Действительно, зимой Левицкий был скрытно влюблён в Дарию Тадиевну, а до неё испытывал некоторые чувства и к Зойке. Ей было всего четырнадцать лет, но она уже была очень развита телесно, сзади особенно, хотя ещё по-детски были нежны и круглы её сизые голые колени под короткой шотландской юбочкой. Год тому назад её взяли из гимназии, не учили и дома, — Данилевский нашёл в ней зачатки какой-то мозговой болезни, — и она жила в беспечном безделье, никогда не скучая. Она так была со всеми ласкова, что даже облизывалась. Она была крутолоба, у неё был наивно-радостный, как будто всегда чему-то удивлённый взгляд маслянистых синих глаз и всегда влажные губы. При всей полноте её тела, в нём было грациозное кокетство движений. Красный бант, завязанный в её орехом переливающихся волосах, делал её особенно соблазнительной. Она свободно садилась на колени к Левицкому — как бы невинно, ребячески — и, верно, чувствовала, что втайне испытывает он, держа её полноту, мягкость и тяжесть и отводя глаза от её голых колен под клетчатой юбочкой. Иногда он не выдерживал, как бы шутя целовал её в щёку, и она закрывала глаза, томно и насмешливо улыбалась. Она однажды шёпотом сказала ему под страшным секретом то, что только она одна в мире знала про маму: мама влюблена в молодого доктора Титова! Маме сорок лет, но ведь она стройна, как барышня, и страшно моложава, и оба они, и мама и доктор, такие красивые и высокие ростом! Потом Левицкий стал невнимателен к ней — стала появляться в доме Дария Тадиевна. Зойка сделалась ещё как будто веселее, беспечнее, но не сводила глаз ни с неё, ни с Левицкого, часто с криком кидалась целовать её, но так ненавидела, что, когда та заболела тифом, каждый день ждала радостной вести из больницы о её смерти. А потом она ждала её отъезда — и лета, когда Левицкий, освободившись от занятий, начнёт ездить к ним на дачу по Казанской дороге, где Данилевские жили летом уже третий год: она тайком вела некоторую охоту на него.
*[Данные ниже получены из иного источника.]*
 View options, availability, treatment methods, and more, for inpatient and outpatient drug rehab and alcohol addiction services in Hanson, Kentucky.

И вот лето пришло, и он стал приезжать каждую неделю на два, на три дня. Но тут вскоре приехала гостить племянница папы из Харькова, Валерия Остроградская, которой ни Зойка, ни Гришка никогда ещё не видали. Левицкого послали рано утром в Москву встречать её на Курском вокзале, и со станции он приехал не на велосипеде, а сидя с ней в тележке станционного извозчика, усталый, с провалившимися глазами, радостно взволнованный. Видно было, что он ещё на Курском вокзале влюбился в неё, и она обращалась с ним уже повелительно, когда он вытаскивал из тележки её вещи. Впрочем, взбежав на крыльцо навстречу маме, она тотчас забыла о нём и потом не замечала его весь день. Она показалась Зойке непонятной, — разбирая вещи в своей комнате и сидя потом на балконе за завтраком, она то очень много говорила, то неожиданно смолкала, думала что-то своё.
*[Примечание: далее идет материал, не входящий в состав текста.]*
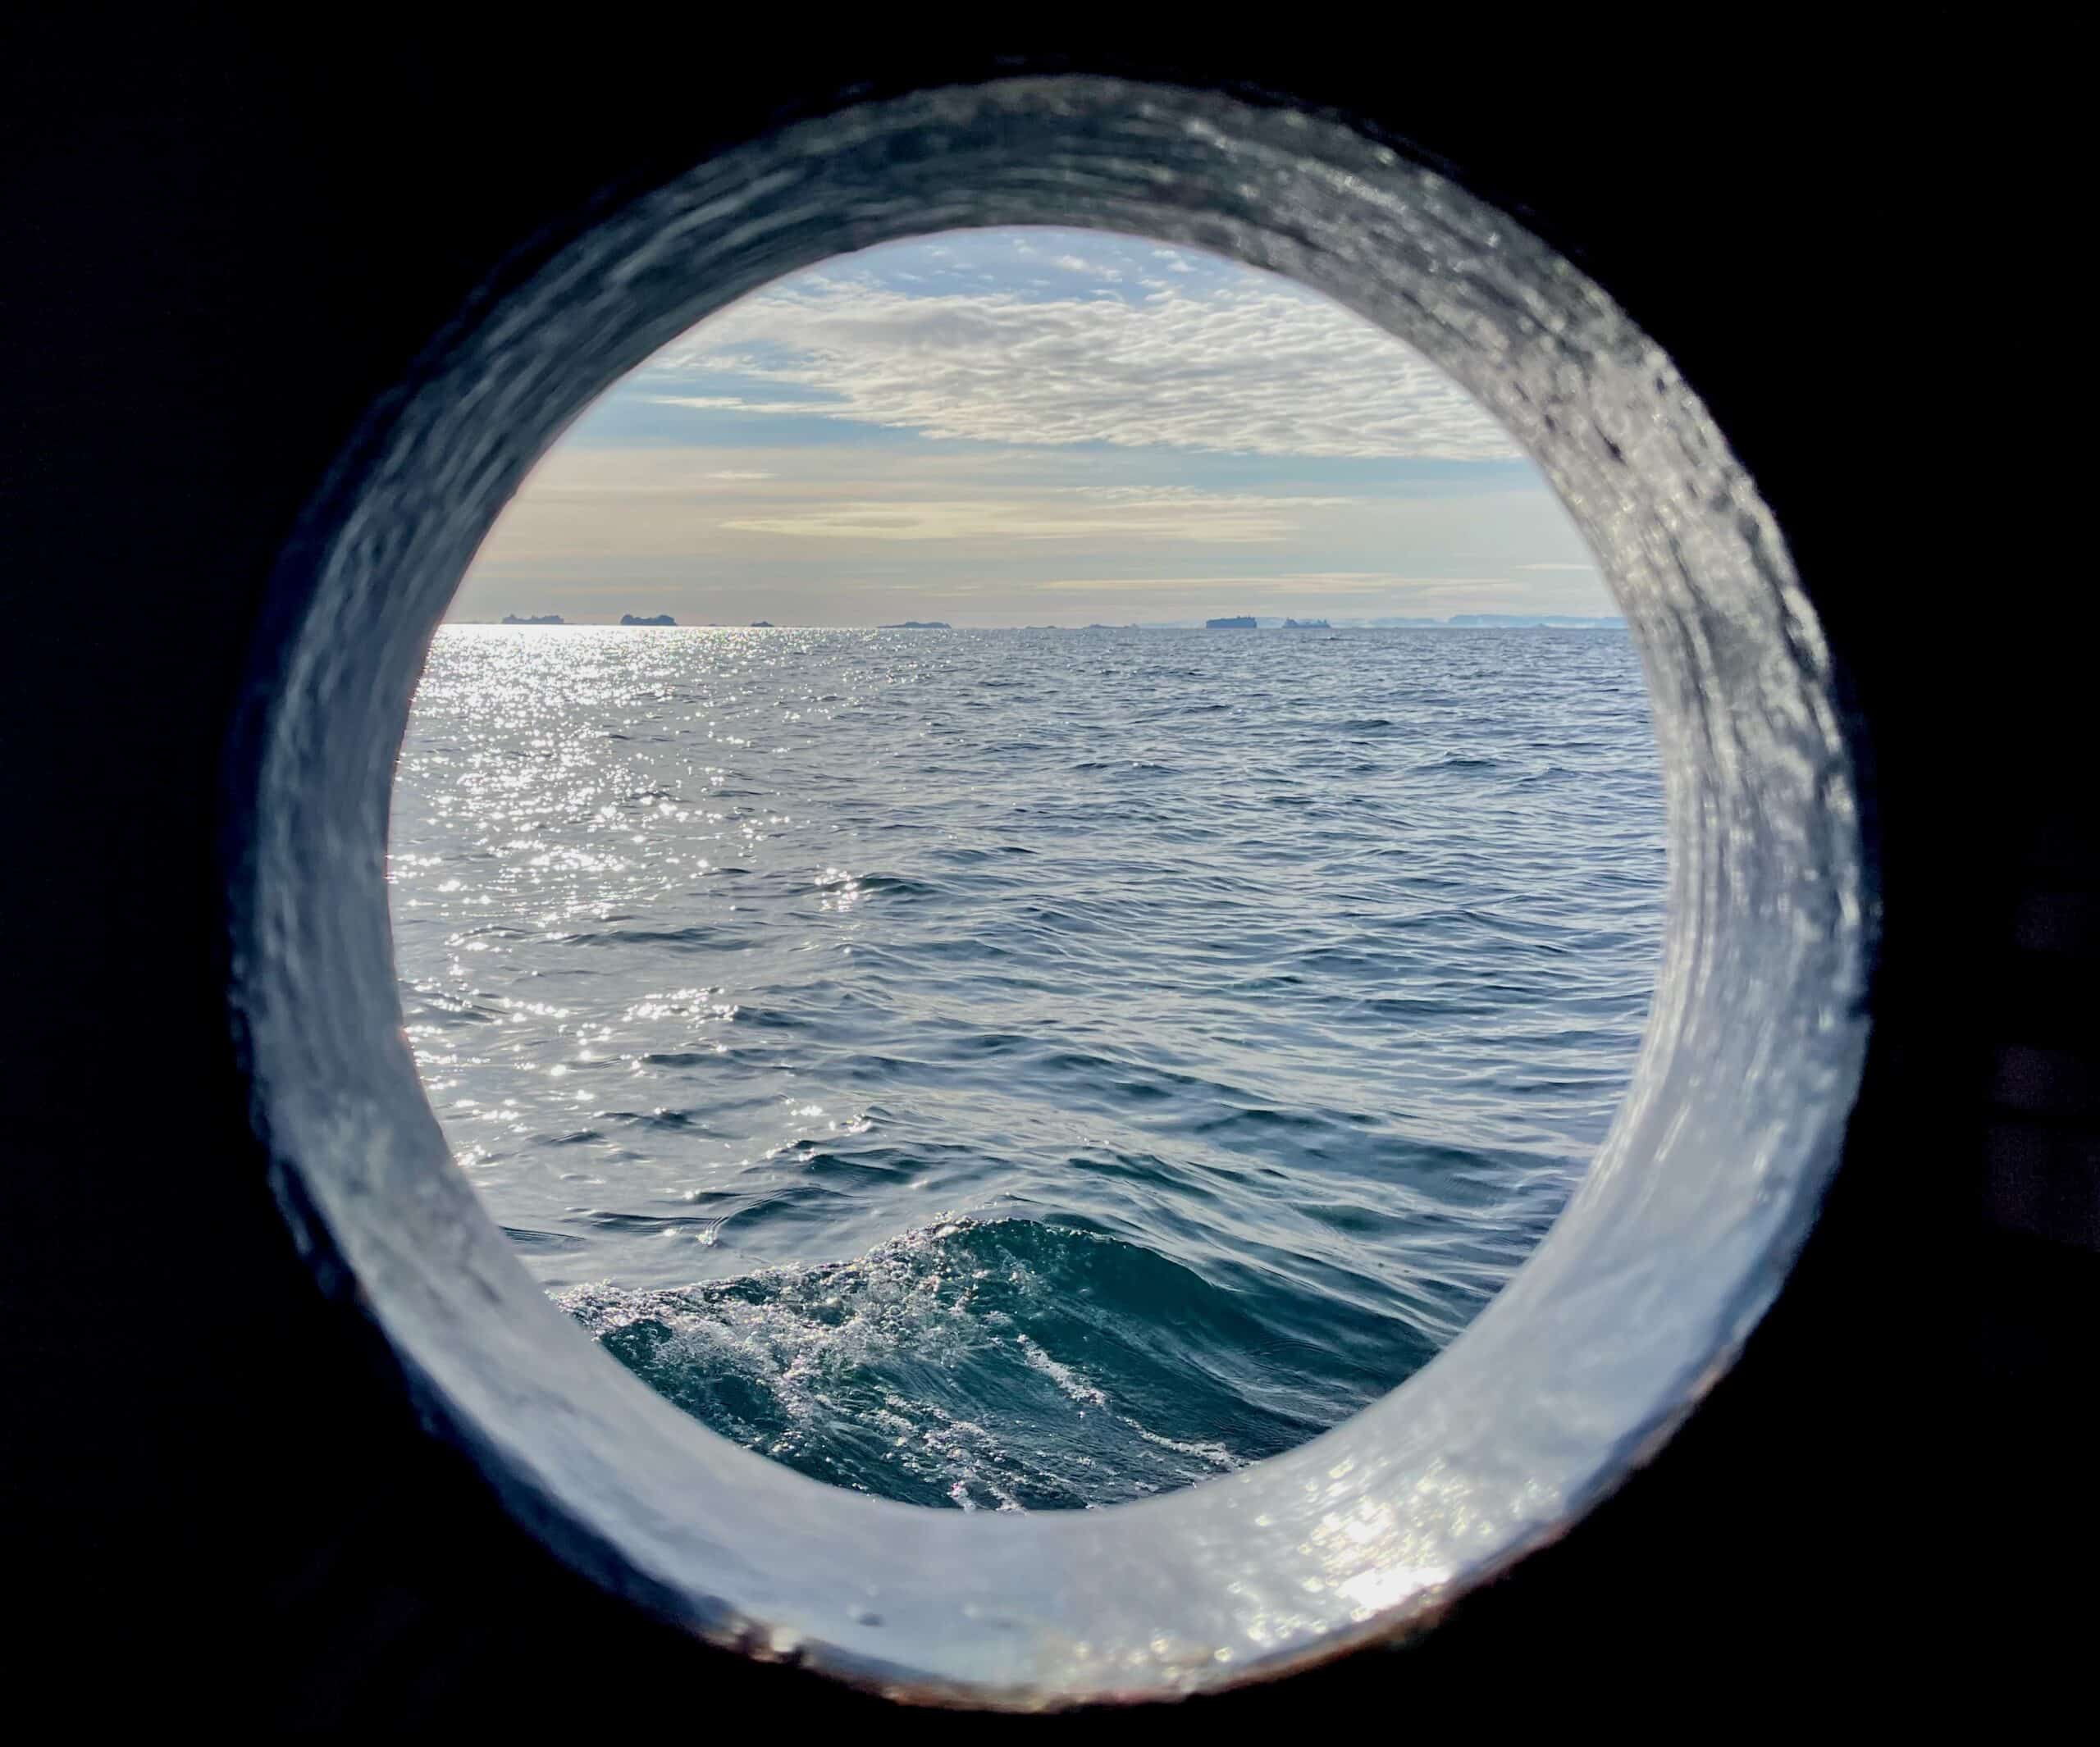 Water, sky, and clouds as seen through a circular porthole

Но она была настоящая малороссийская красавица! И Зойка приставала к ней с неугомонной настойчивостью:
— А вы привезли с собой сафьянные сапожки и плахту? Вы наденете их? Вы позволите называть вас Валечкой?
Но и без малороссийского наряда она была очень хороша: крепкая, ладная, с густыми тёмными волосами, с бархатными бровями, почти сросшимися, с грозными глазами цвета чёрной крови, с горячим тёмным румянцем на загорелом лице, с ярким блеском зубов и полными вишнёвыми губами. Руки у неё были маленькие, но тоже крепкие, ровно загорелые, точно слегка прокопчённые. А какие плечи! И как сквозили на них под тонкой белой блузкой шёлковые розовые ленточки, державшие сорочку! Юбка была довольна короткая, совсем простая, но удивительно сидела на ней. Зойка так восхищалась, что даже не ревновала Левицкого, который перестал уезжать в Москву и не отходил от Валерии, счастливый тем, что она приблизила его к себе, тоже стала называть Жоржем и то и дело что-нибудь приказывала ему. Дальше дни пошли совсем летние, жаркие, гости все чаще приезжали из Москвы, и Зойка заметила, что Левицкий получил отставку, сидит все больше возле мамы, помогает ей чистить малину, что Валерия влюбилась в доктора Титова, в которого тайно влюблена мама. С Валерией вообще что-то сделалось — когда не было гостей, она перестала менять нарядные блузки, как делала прежде, иногда с утра до вечера ходила в мамином пеньюаре и вид имела брезгливый. Было страшно интересно: целовалась она с Левицким до своей влюблённости в Титова или нет? Гришка клялся, что видел, как она с Левицким шла раз перед обедом с купанья по еловой аллее, повязанная, как чалмой, полотенцем, как Левицкий тащил, спотыкаясь, её мокрую простыню и что-то часто, часто говорил и как она приостановилась, а он вдруг схватил её за плечо и поцеловал в губы.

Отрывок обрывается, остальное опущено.